From 34259d47332565c53ea2c46afd7e39f126284e6f Mon Sep 17 00:00:00 2001
From: angelayi <yiangela7@gmail.com>
Date: Tue, 17 Sep 2024 15:29:02 -0700
Subject: [PATCH] [aoti] Remove need for -l in cmake call

---
 README.md           |  2 +-
 runner/run.cpp      | 59 +++++++++++++++++++--------------------------
 torchchat/export.py | 13 ++++++++--
 3 files changed, 37 insertions(+), 37 deletions(-)

diff --git a/README.md b/README.md
index e1f585c06..b7b393c8b 100644
--- a/README.md
+++ b/README.md
@@ -290,7 +290,7 @@ torchchat/utils/scripts/build_native.sh aoti
 
 Then run the compiled executable, with the pt2.
 ```bash
-cmake-out/aoti_run exportedModels/llama3_1_artifacts.pt2 -z `python3 torchchat.py where llama3.1`/tokenizer.model -l 3 -i "Once upon a time"
+cmake-out/aoti_run exportedModels/llama3_1_artifacts.pt2 -z `python3 torchchat.py where llama3.1`/tokenizer.model -i "Once upon a time"
 ```
 
 ## Mobile Execution
diff --git a/runner/run.cpp b/runner/run.cpp
index fea6dc3ce..5c56fb14a 100644
--- a/runner/run.cpp
+++ b/runner/run.cpp
@@ -32,8 +32,6 @@ LICENSE file in the root directory of this source tree.
 
 #ifdef __AOTI_MODEL__
 #include <torch/csrc/inductor/aoti_package/model_package_loader.h>
-torch::Device aoti_device(torch::kCPU);
-
 #else // __ET_MODEL__
 #include <executorch/extension/module/module.h>
 #include <executorch/extension/runner_util/managed_tensor.h>
@@ -88,9 +86,11 @@ typedef struct {
 typedef struct {
   Config config; // the hyperparameters of the architecture (the blueprint)

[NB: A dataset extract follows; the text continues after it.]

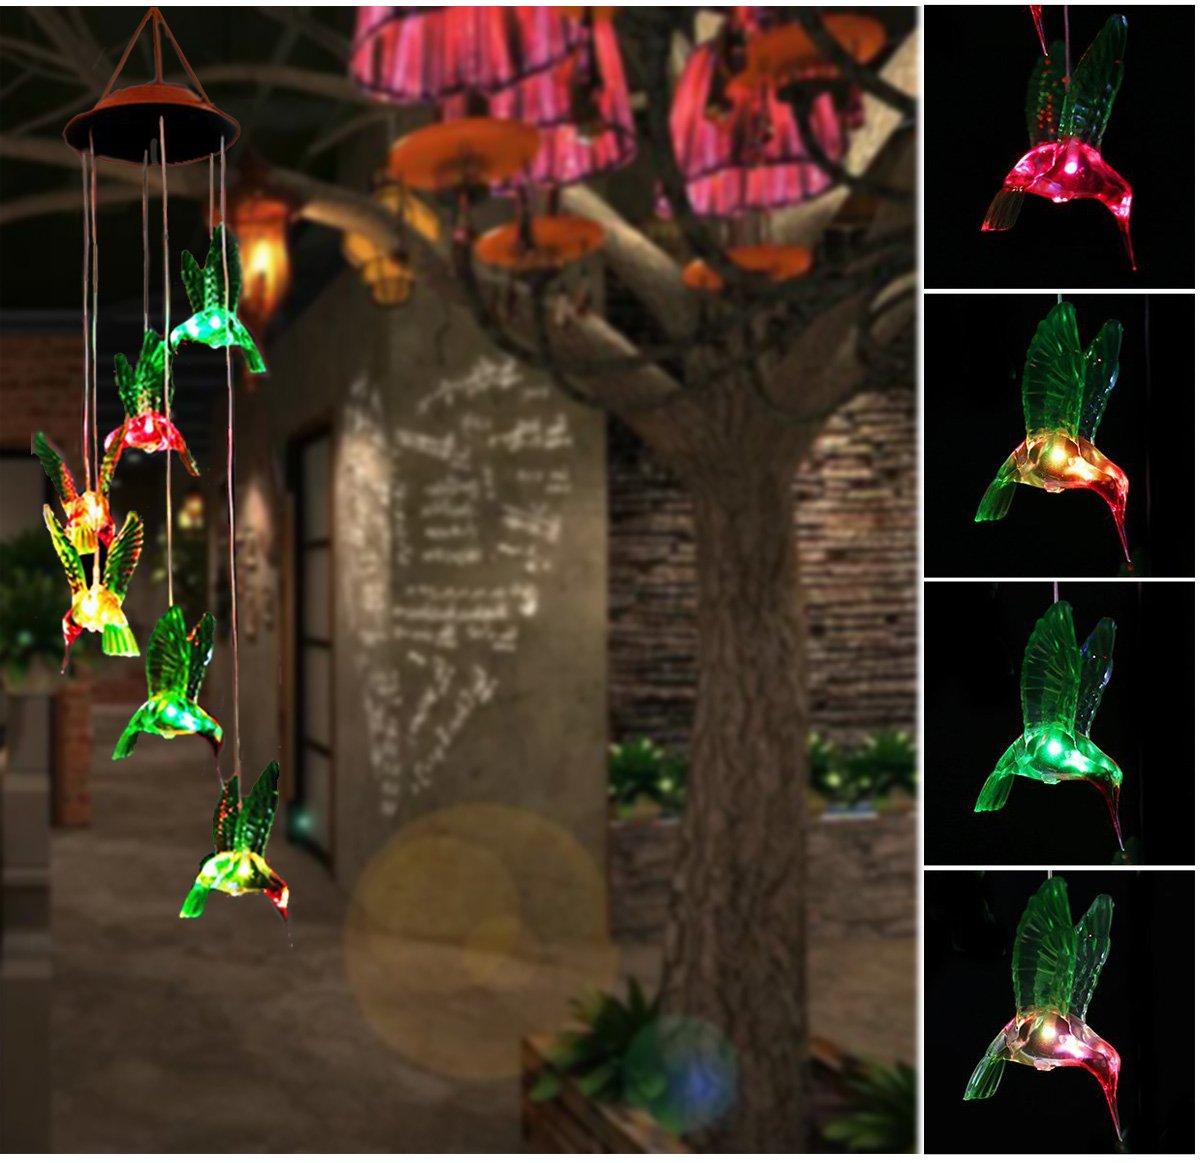 PESTORY Solar LED Hummingbird Wind Chimes Light LED Changing Light Color Waterproof Six Hummingbird for Home/ Garden/ Light Lamp/ Night Garden Decoration
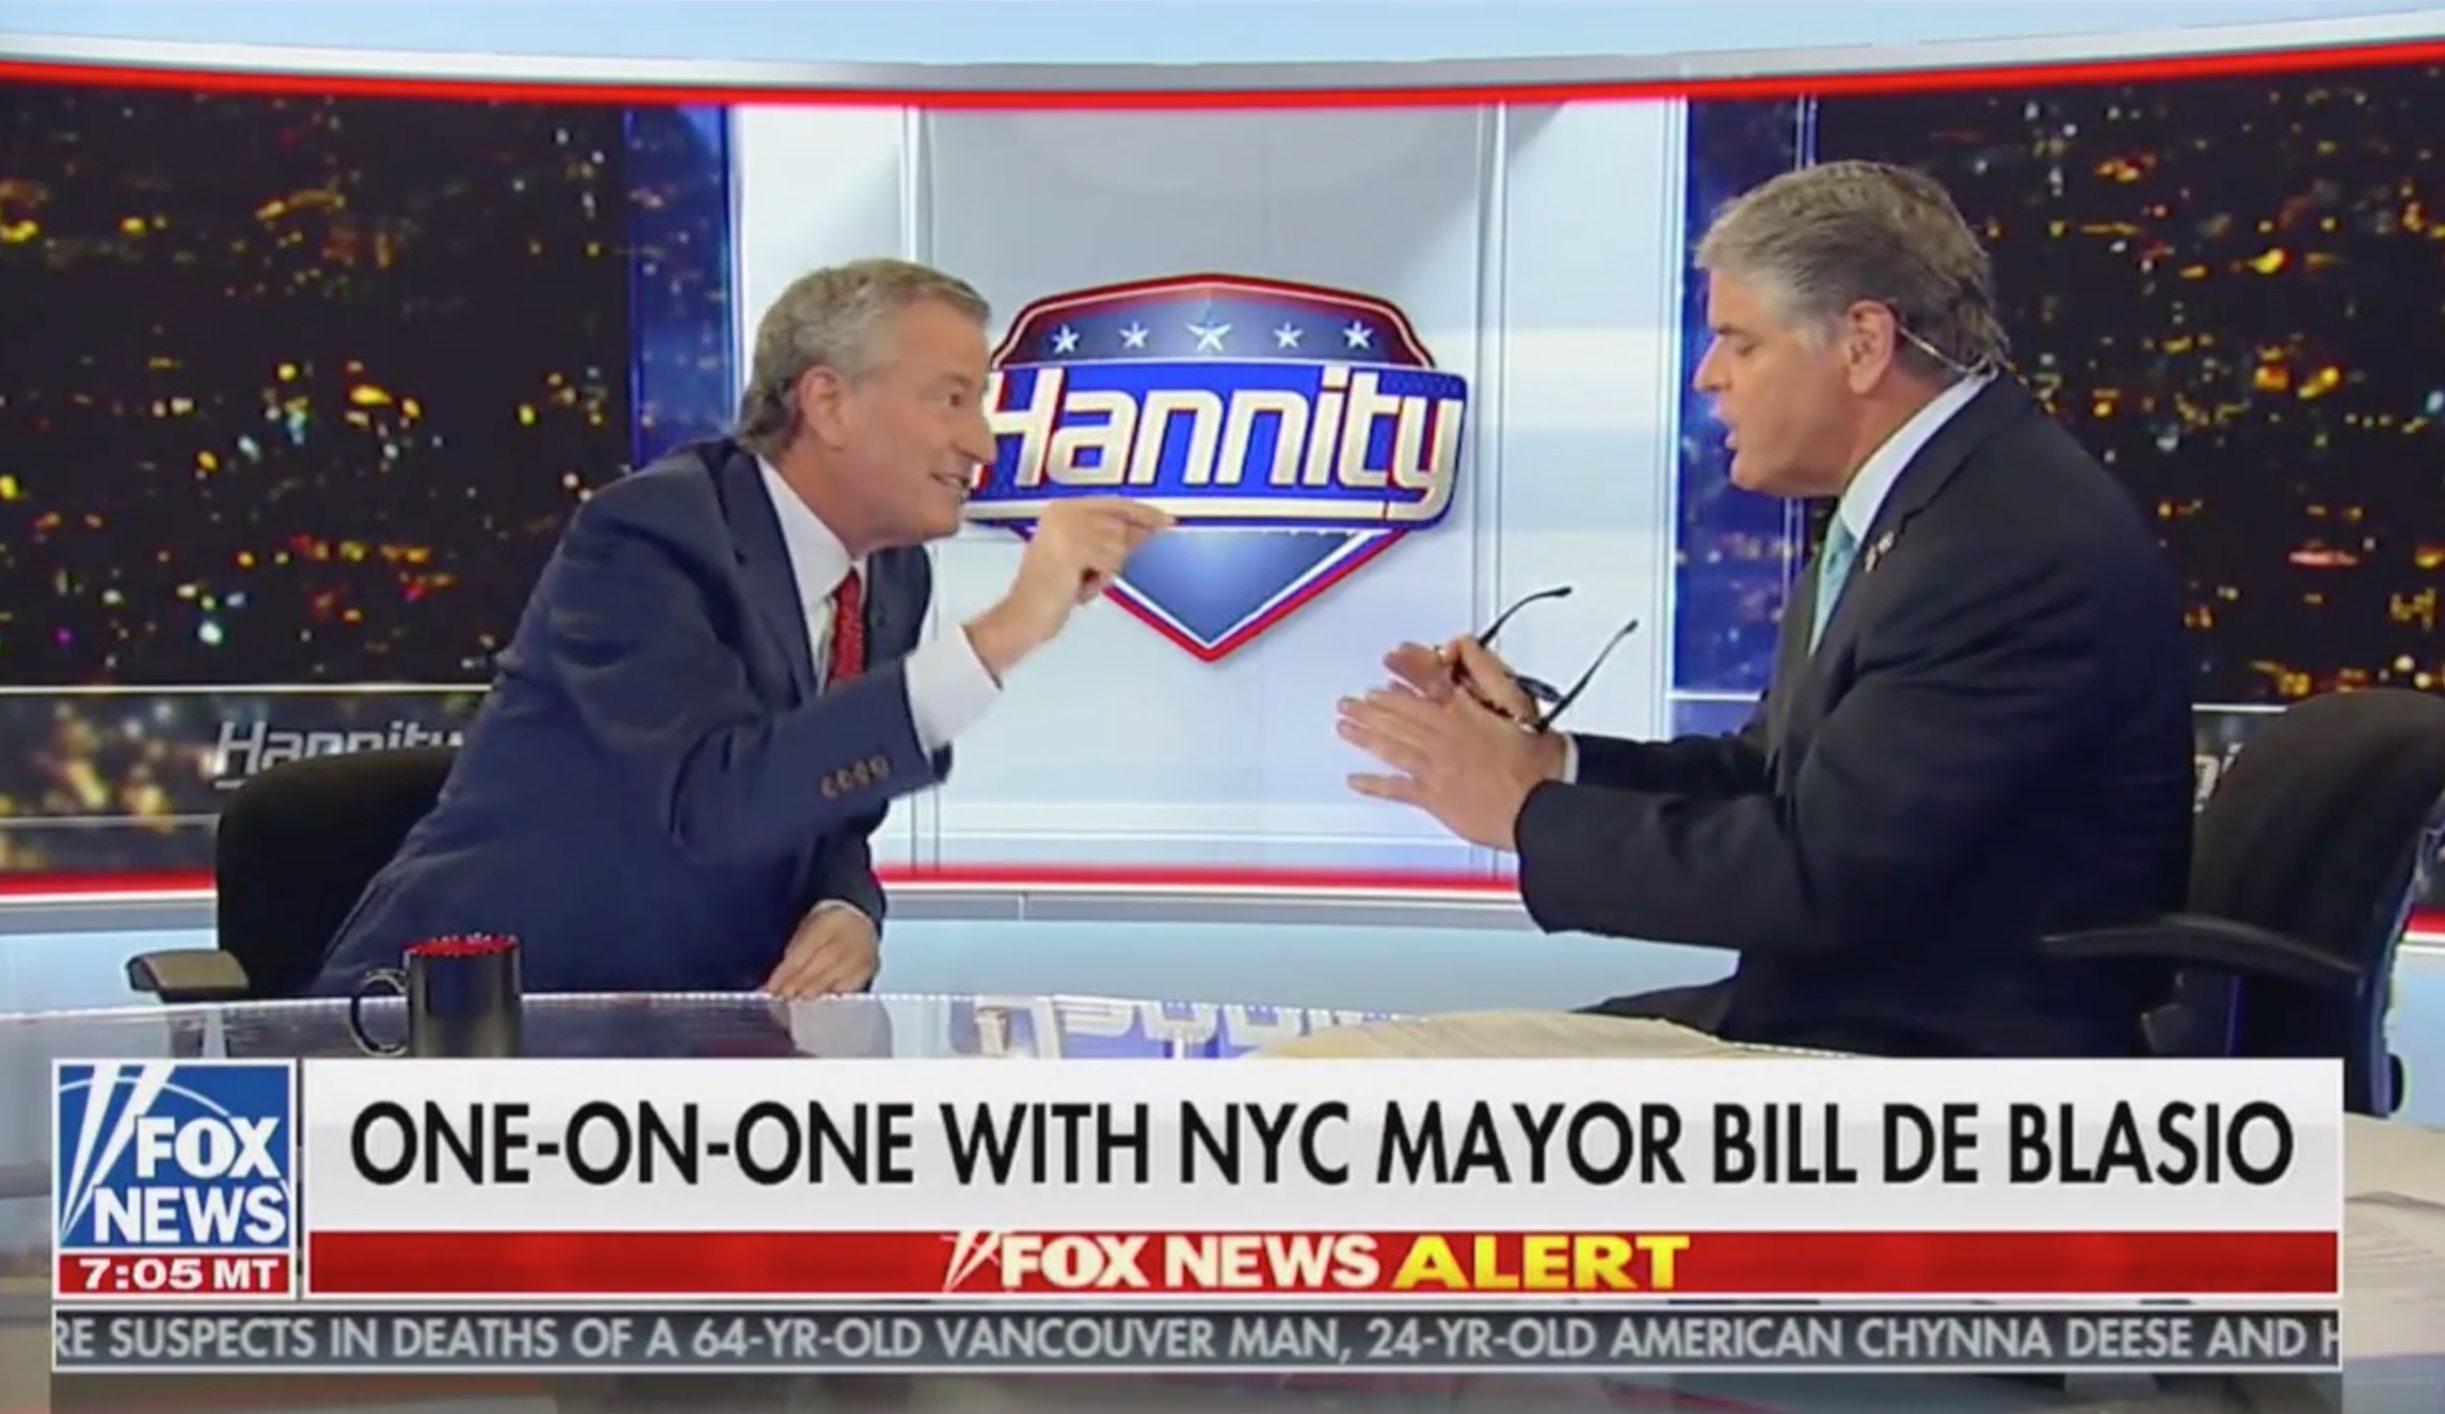 De Blasio on Hannity Shows Why Democrats Should go on Fox News

   RunState state; // buffers for the "wave" of activations in the forward pass
+  std::unordered_map<std::string, std::string> metadata;
 
 #ifdef __AOTI_MODEL__
   torch::inductor::AOTIModelPackageLoader* runner;
+  
 #else // __ET_MODEL__
   Module* runner;
 #endif
@@ -129,19 +129,9 @@ void read_checkpoint(char* checkpoint, Config* config) {
 
 void build_transformer(
     Transformer* t,
-    char* model_path,
-    int vocab_size,
-    int seq_len) {
-  // read in the Config and the Weights from the model
-  // read_checkpoint(model_path, &t->config);
-  // allocate the RunState buffers
-  t->config.vocab_size = vocab_size;
-  t->config.seq_len = seq_len;
-  malloc_run_state(&t->state, &t->config);
-
+    char* model_path) {
 #ifdef __AOTI_MODEL__
   t->runner = new torch::inductor::AOTIModelPackageLoader(model_path);
-  aoti_device = t->runner->get_metadata()["AOTI_DEVICE_KEY"] == "cpu" ? torch::Device(torch::kCPU) : torch::Device(torch::kCUDA);
 #else //__ET_MODEL__
   t->runner = new Module(
       /* path to PTE model */ model_path,
@@ -193,6 +183,9 @@ float* forward(Transformer* transformer, int token, int pos) {
   torch::Tensor token_tensor =
       torch::from_blob(token_buffer, {1, 1}, torch::kLong);
   torch::Tensor pos_tensor = torch::from_blob(pos_buffer, {1}, torch::kLong);
+  torch::Device aoti_device = transformer->runner->get_metadata()["AOTI_DEVICE_KEY"] == "cpu"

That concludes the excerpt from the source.